Outro dos primeiros atos de Michel Temer foi extinguir o Ministério da Cultura, agregando-o como departamento do Ministério da Educação. A reação da intelectualidade, sobretudo dos grandes nomes da nossa música popular em um show de Caetano Veloso, foi tamanha que o presidente interino imediatamente revogou o ato. O Ministério da Cultura, apesar da pequenez de visão de Temer, contínua.

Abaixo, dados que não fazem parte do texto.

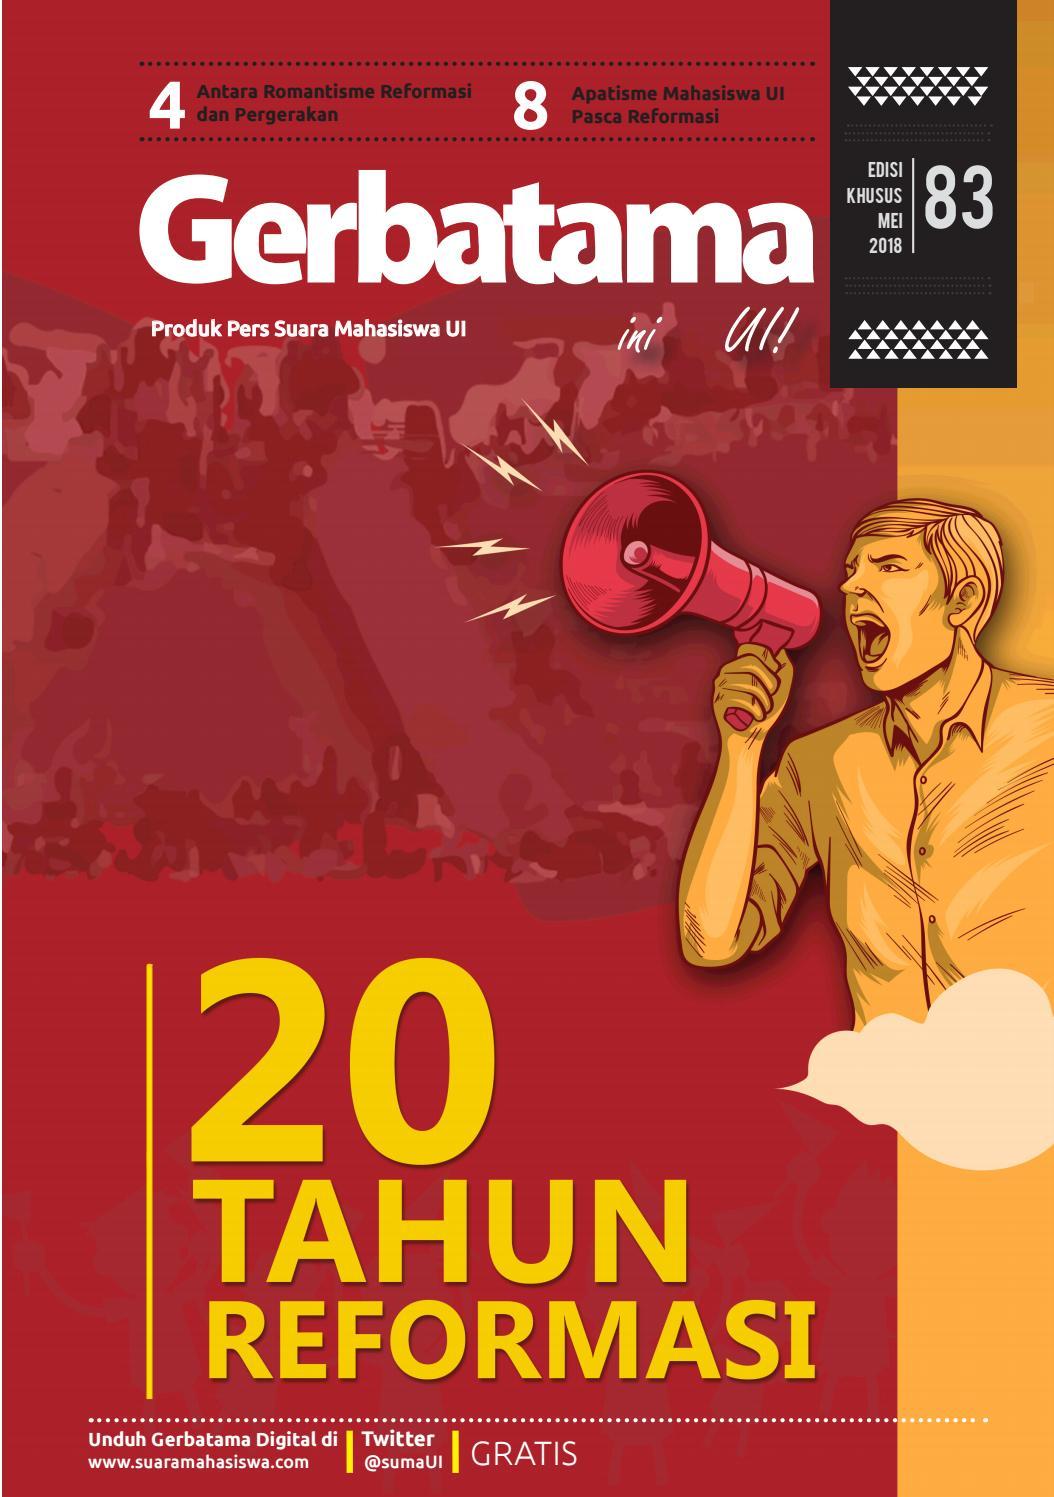 Gerbatama Ini UI Edisi Khusus 83 20 Tahun Reformasi By

E nós continuaremos as nossas análises do que se insere bem na famosa denominação de Stanislaw Ponte-Preta: o Festival de Besteiras Que Assola o País. Nesse festival aconteceu anteontem mais uma demissão de ministro no desastrado governo Temer. Nomeado para o Ministério da Transparência, Fiscalização e Controle (vejam que ironia!) já foi defenestrado o sr. Fabiano Silveira. No seu rosário de erros, Temer nomeara um inimigo da Lava Jato, como foi provado por uma gravação.
Ninguém tenha dúvida: o Febeapá dos que, para o fim de se alçar ao poder não importavam os meios, ainda vai mostrar muito pano de roupa suja. Deles, obviamente.
(Eurico Barbosa, escritor, membro da AGL e da Associação Nacional de Escritores, advogado, jornalista e escreve neste jornal terças & sextas-feiras)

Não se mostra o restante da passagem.